21 de marzo de 2020 • Número 150 • Suplemento Informativo de La Jornada • Directora General: Carmen Lira Saade • Director Fundador: Carlos Payán Velver

DESPLAZADXS


Paisajes contemporáneos de la Meseta P'urhépecha. Agustín Ruíz

MICHOACÁN

Cuando la guerra llegó

Verónica Alejandra Velázquez Guerrero Coordinación Nacional de Antropología

Indalecio atiende un negocio informal, tiene cinco hijas y le preocupa fallarle a su esposa con el gasto diario. Él nació en 1975, en un pueblo de la Tierra Caliente de Michoacán, en donde las opciones de subsistencia eran migrar al norte o trabajar en el campo. Comenta: “éramos unos huarachudos, no había jale, ¡no! ¡ahora hay de todo!”. La situación cambió en los ochenta, cuando llegó gente de fuera a pedirles que cultivaran marihuana, por la que les pagarían cinco veces más que por el maíz.

Para los noventa, el narcotráfico se había consolidado en la región. El narco mayor del pueblo apoyaba a la iglesia, era padrino de generación en la primaria, patrocinaba bailes y aportaba recursos para techados y pavimentos. La prosperidad se notaba en las calles con el desfile de camionetas de lujo, de hombres y mujeres luciendo diversos accesorios de oro. Al igual que en Sinaloa, en el imaginario social, un narco era un hombre de negocios de origen campesino con valores morales.
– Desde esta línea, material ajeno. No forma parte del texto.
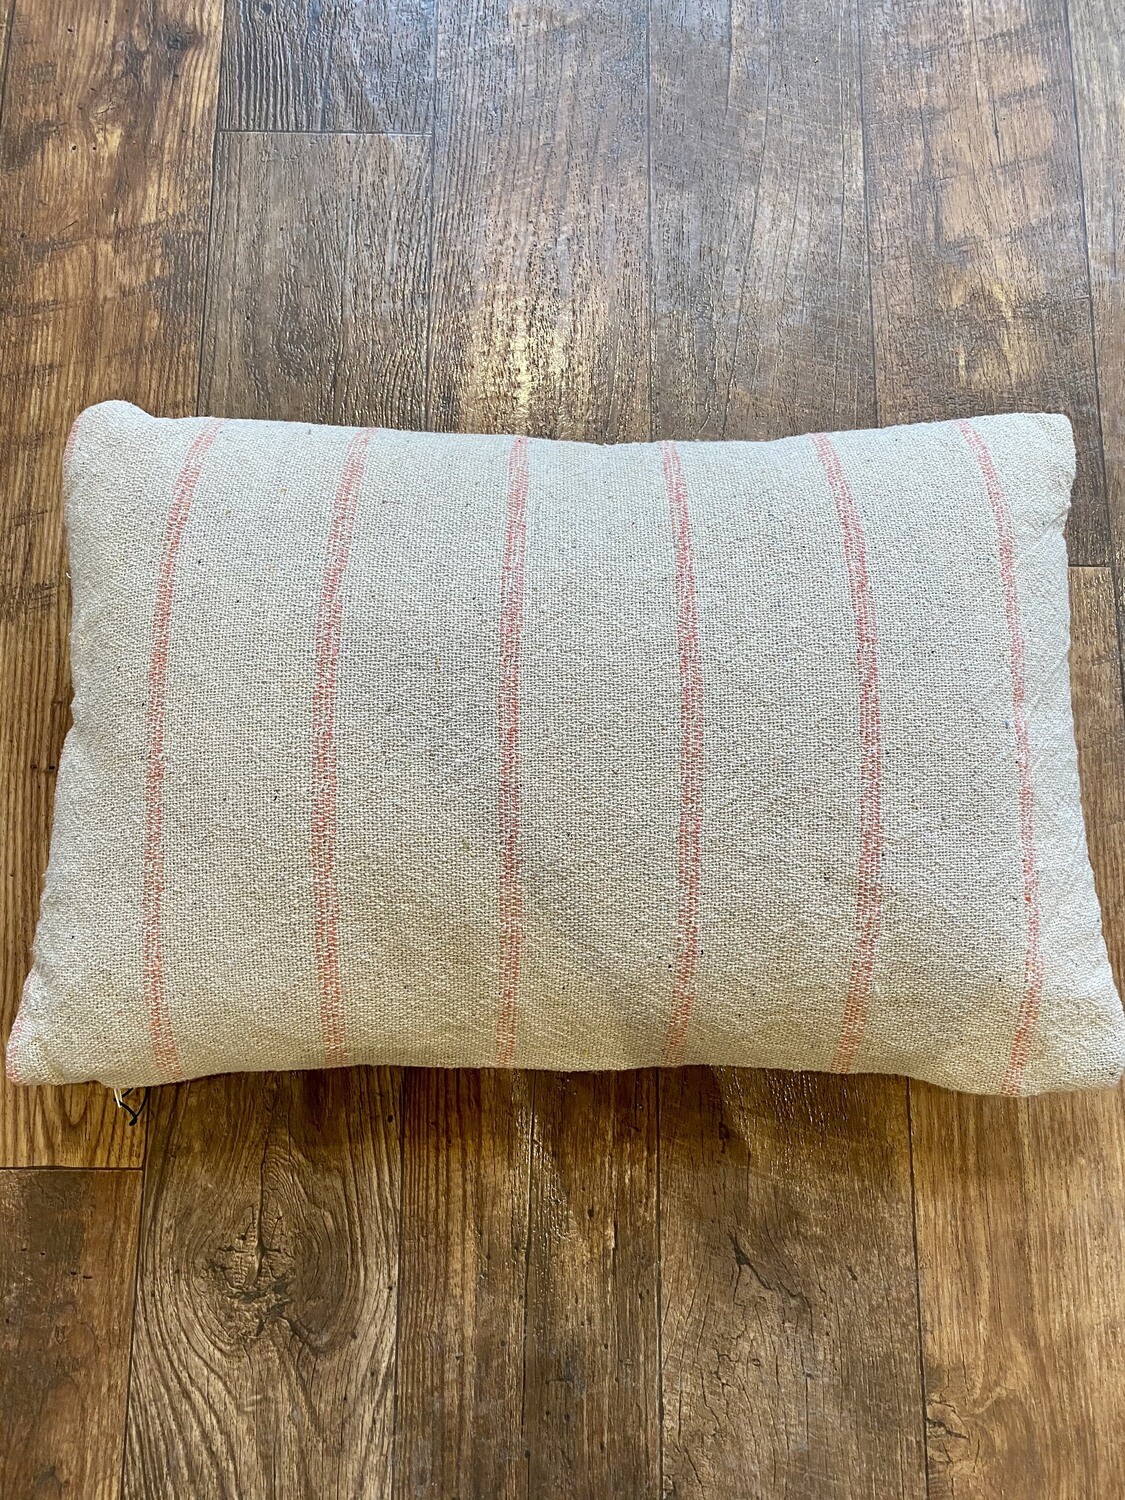 24 x 16 Woven Recycled Cotton Blend Lumbar Pillow Pink Stripes
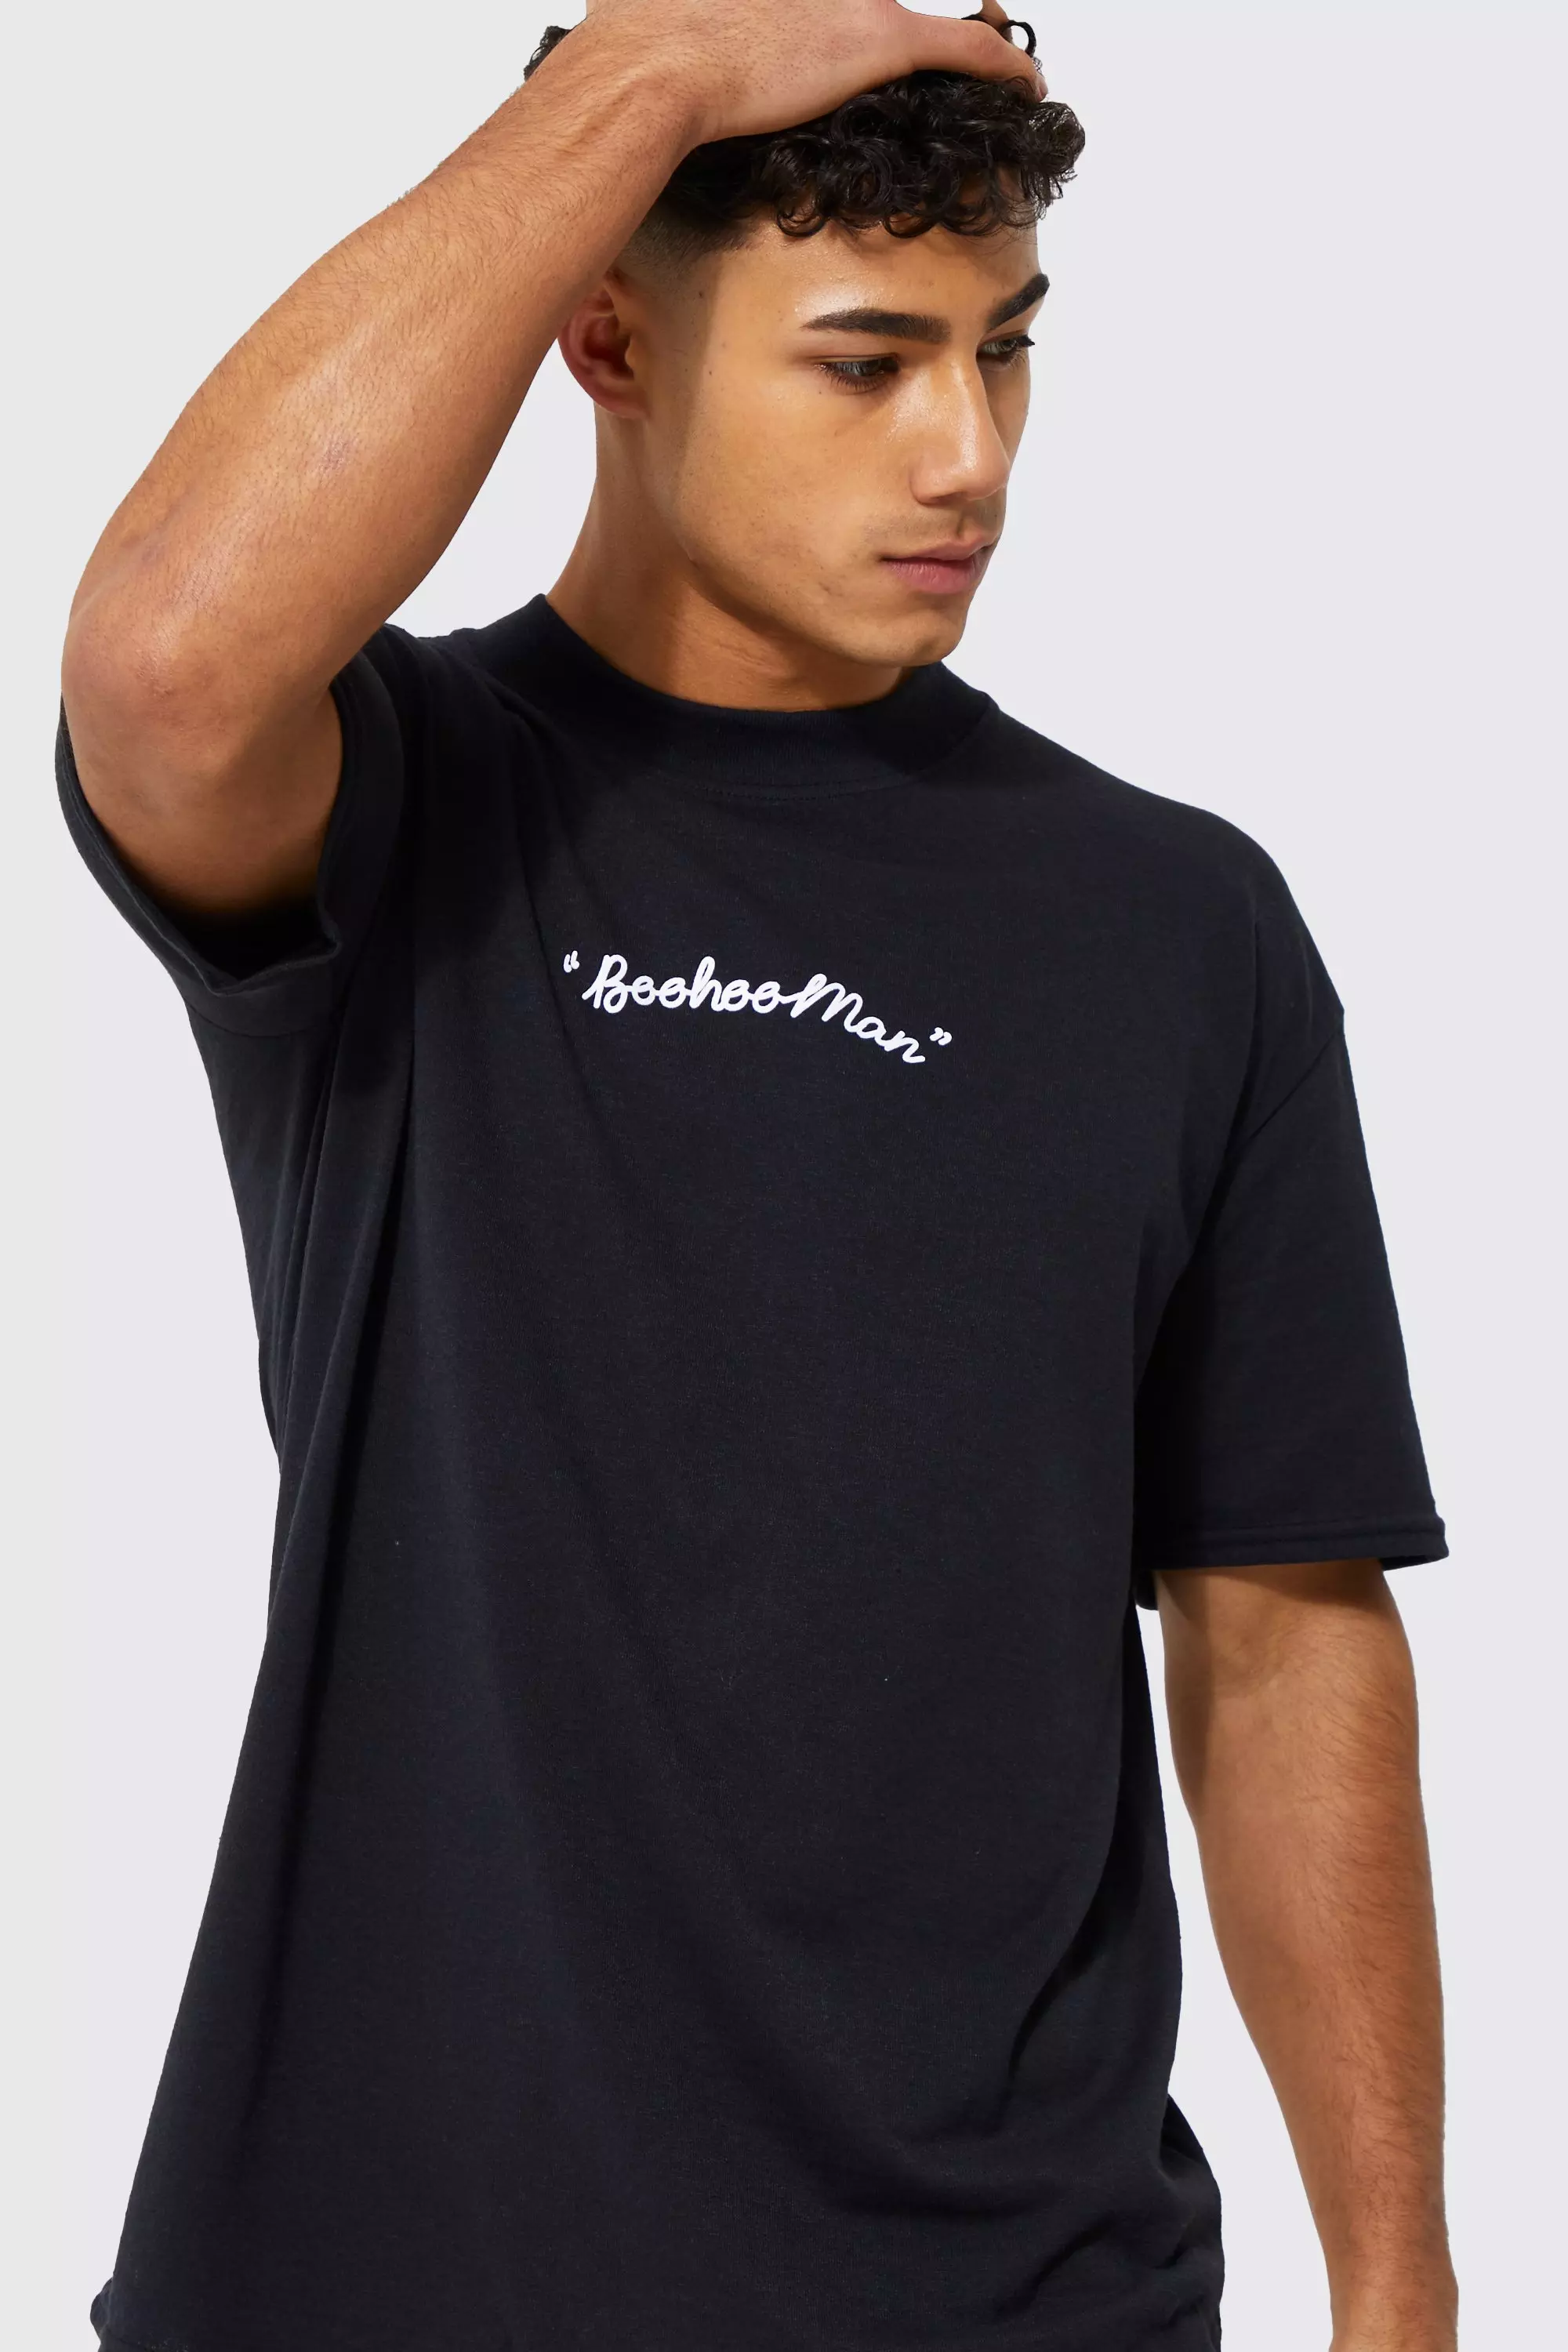 boohoo Tall Universal Graphic Short Sleeve T-Shirt - Black - Size 12

La historia del pueblo de Indalecio se vincula a los procesos de globalización y a la configuración del estado neoliberal en México, cuando en los noventa, el cártel de Los Valencia de Aguililla, diversificó su producción de amapola y marihuana al aumentar el tráfico de coca con Colombia e iniciarse en la industria de la metanfetamina. En ese tiempo se dio la internacionalización del narco y la vinculación de sus actividades ilegales con dinámicas de la agroindustria de exportación.

Entre el 2001 y 2006, los Zetas llegaron a Michoacán como brazo armado del Cártel del Golfo para desplazar a Los Valencia y adiestraron a narcotraficantes locales en tácticas de guerra aprendidas con militares de gobiernos genocidas extranjeros, demostrando su poder mediante la tortura y la exhibición en espacios públicos de cuerpos desmembrados o degollados. Todo esto se desarrolló con impunidad, por la cooptación de algunos agentes locales del gobierno e instancias de procuración de justicia. La población se convirtió en blanco de extorsiones y secuestros. Así inició una disputa por el control de las plazas, sustentada en una supuesta pugna ideológica entre narcos que se reivindican como michoacanos vs. foráneos.

En 2006 inició la llamada “guerra contra el narco” del expresidente Calderón, con la Operación Conjunta Michoacán, desplegando miles de militares, policías federales y marinos, además de agentes ministeriales y de investigación. La estrategia resultó en una cuantiosa pérdida de vidas humanas a las que se llamó “daños colaterales” y las cifras de la violencia criminal en la entidad fueron en aumento sin parar hasta el 2011. En 2013 se desató la disputa armada en la Tierra Caliente, con el surgimiento de los grupos comunitarios de autodefensa para brindar seguridad a sus familias y pueblos; a la par que se desplegaron grupos de autodefensas falsas, vinculadas a los cárteles locales y nacionales.


Con la Operación Conjunta Michoacán, se desplegaron miles de militares, policías federales y marinos en esta entidad.

La “geopolítica de guerra” contemporánea penetró Tierra Caliente a través de la desestabilización social y el conflicto armado, necesarios para controlar y dar curso a los procesos económicos trasnacionales. En cuanto a Indalecio, huyó de su rancho en 2014 tras una ocasión en la que, conversando con vecinos en una tienda, “habló mal” de un integrante del narco y por la noche un comando armado asaltó su casa y lo amenazó de muerte para que dejara el pueblo. Indalecio se desplazó a una colonia de las periferias de la ciudad de Uruapan, mientras que, en su pueblo, los enfrentamientos armados cobraron la vida de inocentes.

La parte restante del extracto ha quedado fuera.